Mice are exceedingly sensitive to intra-peritoneal (IP) challenge with some virulent pneumococci (LD50 = 1 bacterium). To investigate how peripheral contact with bacterial capsular polysaccharide (PS) antigen can induce resistance, we pulsed bone marrow dendritic cells (BMDC) of C57BL/6 mice with type 4 or type 3 PS, injected the BMDC intra-foot pad (IFP) and challenged the mice IP with supra-lethal doses of pneumococci. We examined the responses of T cells and B cells in the draining popliteal lymph node and measured the effects on the bacteria in the peritoneum and blood.
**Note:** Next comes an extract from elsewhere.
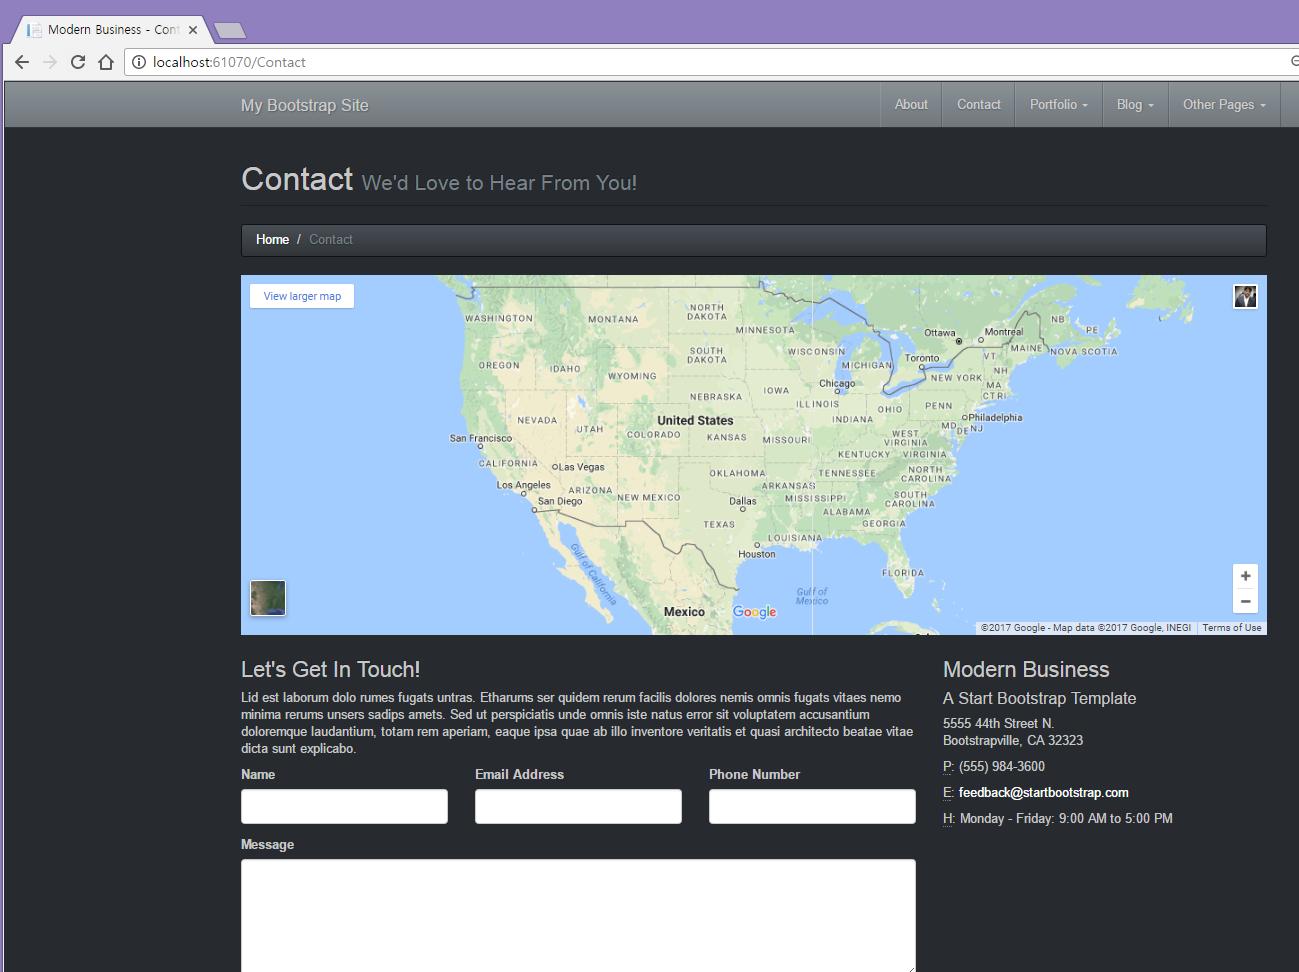 Customizing ASP.NET MVC Bootstrap Templates - TechNet Articles ...

We now report that: 1) The PS co-localized with MHC molecules on the BMDC surface; 2) PS-specific T and B cell proliferation and IFNγ secretion was detected in the draining popliteal lymph nodes on day 4; 3) Type-specific resistance to lethal IP challenge was manifested only after day 5; 4) Type-specific IgM and IgG antibodies were detected in the sera of only some of the mice, but B cells were essential for resistance; 5) Control mice vaccinated with a single injection of soluble PS did not develop a response in the draining popliteal lymph node and were not protected; 6) Mice injected with unpulsed BMDC also did not resist challenge: In unprotected mice, pneumococci entered the blood shortly after IP inoculation and multiplied exponentially in both blood and peritoneum killing the mice within 20 hours. Mice vaccinated with PS-pulsed BMDC trapped the bacteria in the peritoneum. The trapped bacteria proliferated exponentially IP, but died suddenly at 18-20 hours. Thus, a single injection of PS antigen associated with intact BMDC is a more effective vaccine than the soluble PS alone. This model system provides a platform for studying novel aspects of PS-targeted vaccination.

Type: Article
Title: Mouse dendritic cells pulsed with capsular polysaccharide induce resistance to lethal pneumococcal challenge: roles of T cells and B cells.
Location: United States
Open access status: An open access version is available from UCL Discovery
DOI: 10.1371/journal.pone.0039193
Publisher version: http://dx.doi.org/10.1371/journal.pone.0039193
Language: English
Additional information: © 2012 Cohen et al. This is an open-access article distributed under the terms of the Creative Commons Attribution License, which permits unrestricted use, distribution, and reproduction in any medium, provided the original author and source are credited. PMCID: PMC3377650 The financial support for this study was obtained from the Center for the Study of Emerging Diseases. The funders had no role in study design, data collection and analysis, decision to publish, or preparation of the manuscript.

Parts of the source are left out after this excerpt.